SUPPLIED DATA:
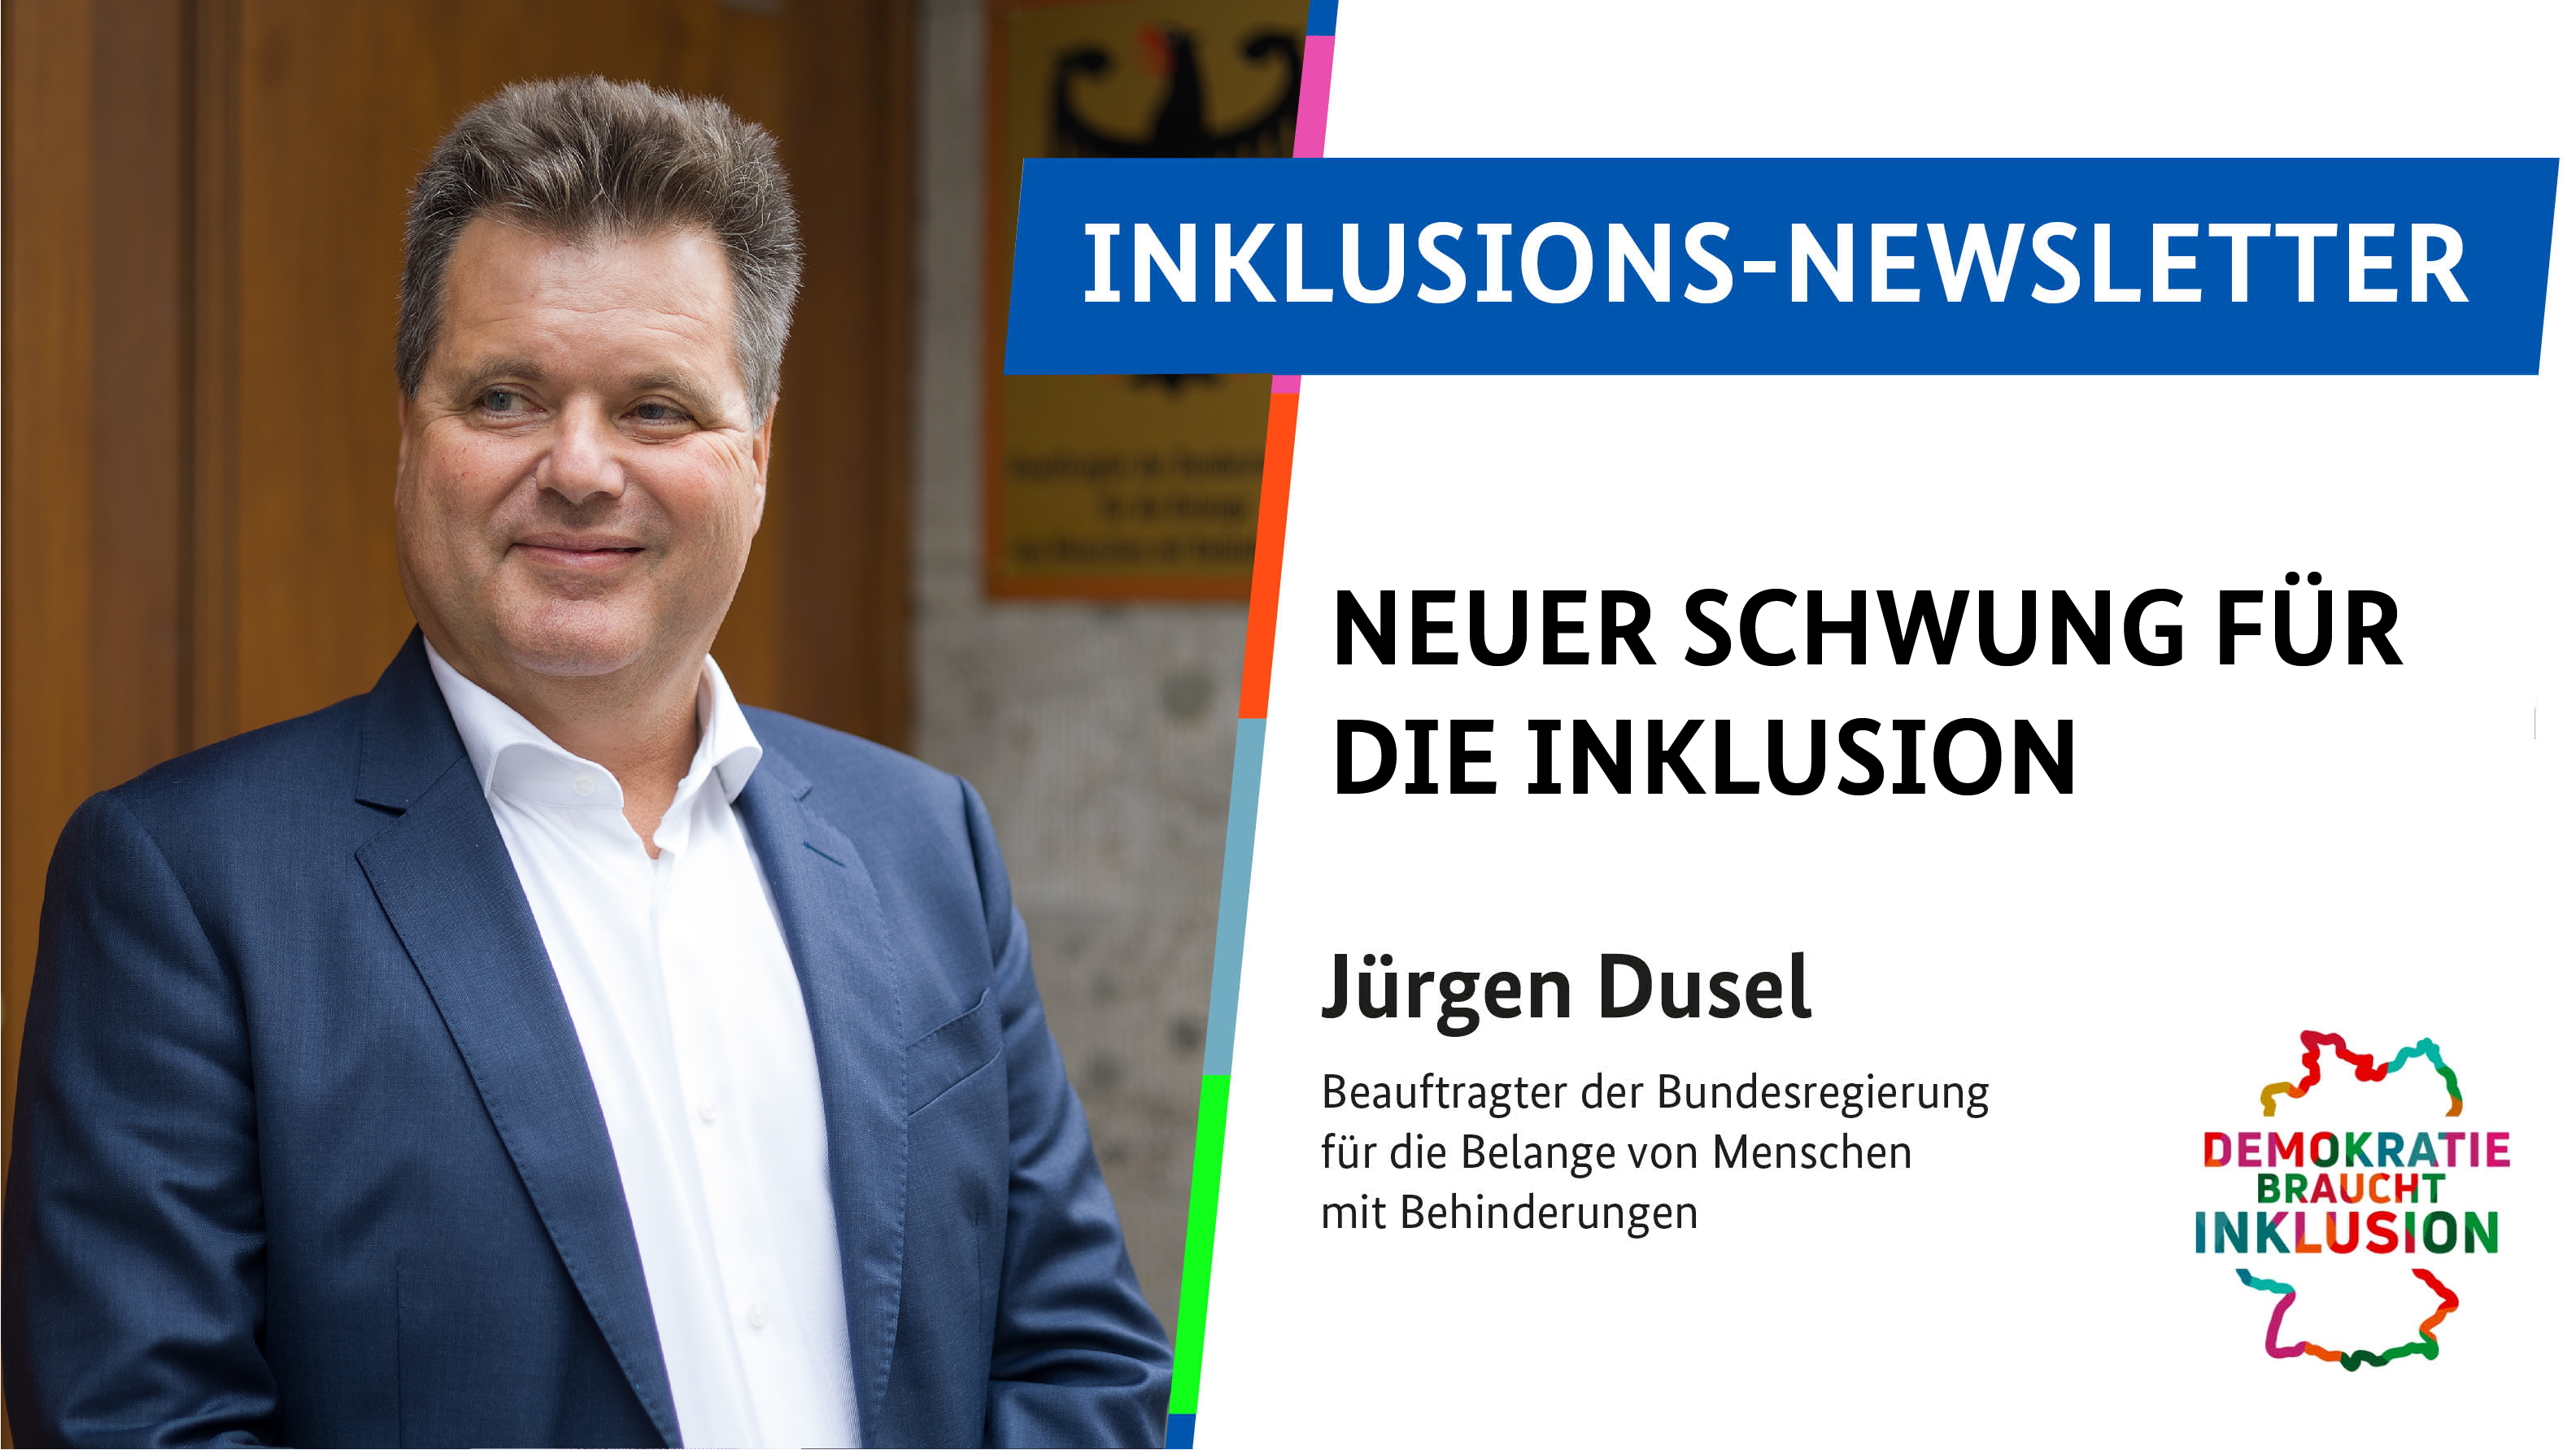 Bild-Text-Kachel: Links ein Portrait von Jürgen Dusel, rechts daneben der Text in Großbuchstaben: Inklusions-Newsletter Neuer Schwung für die Inklusion
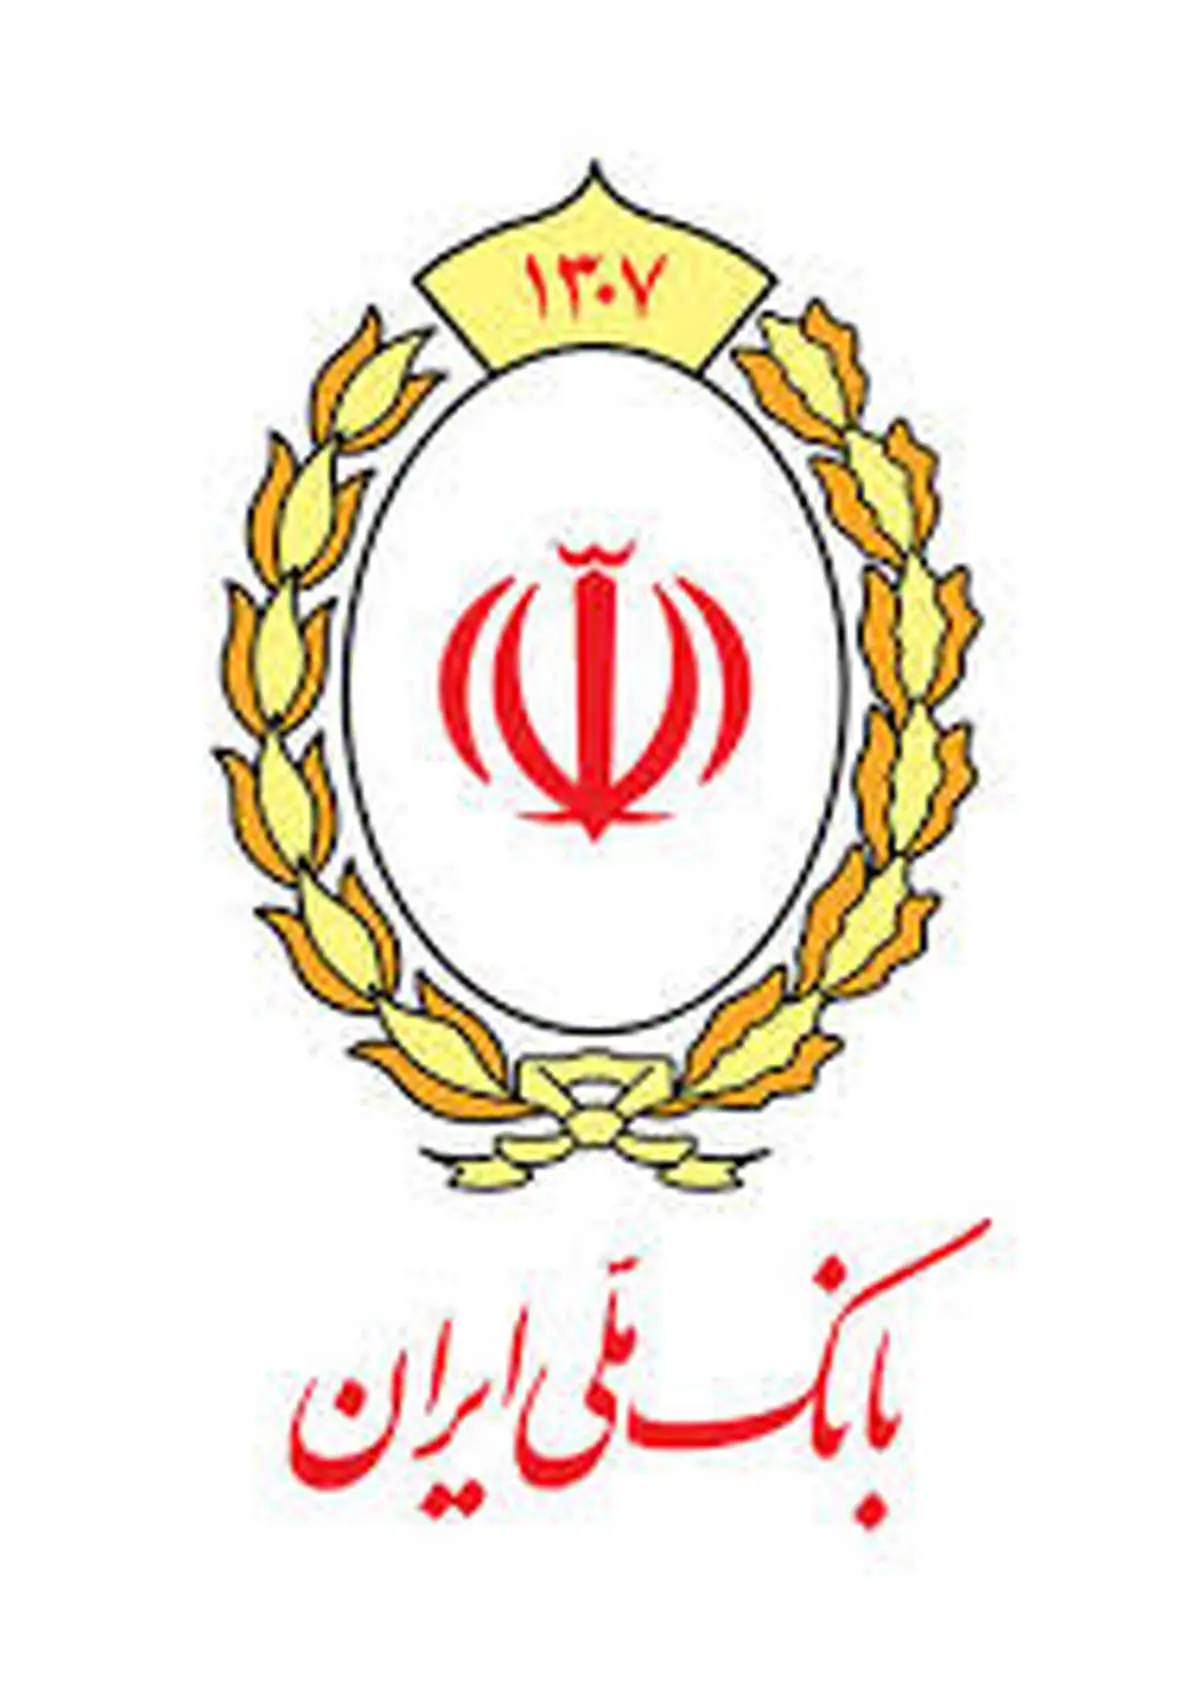 اعطای تسهیلات به یک هزار و 800 بنگاه اقتصادی کوچک و متوسط توسط بانک ملی ایران

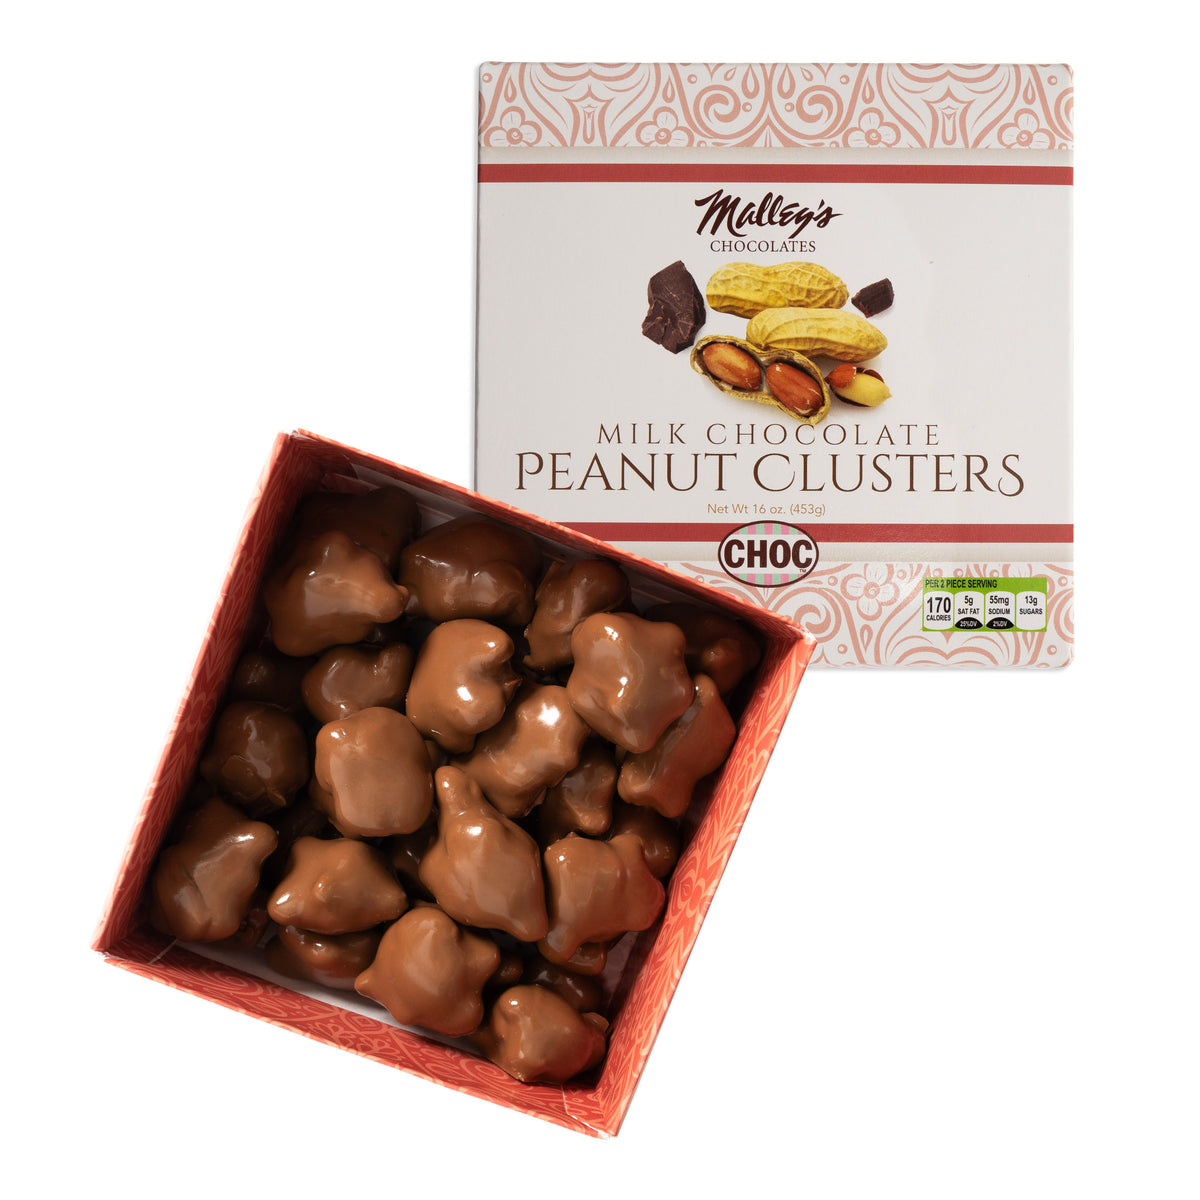 Peanut Clusters

ASSIGNMENT: The lines from the one holding "اعطای تسهیلات به" through the end of the material above are to be echoed exactly, both ends included. Do not include pictures.

RESULT FOR THIS TASK:
 اعطای تسهیلات به یک هزار و 800 بنگاه اقتصادی کوچک و متوسط توسط بانک ملی ایران

 Peanut Clusters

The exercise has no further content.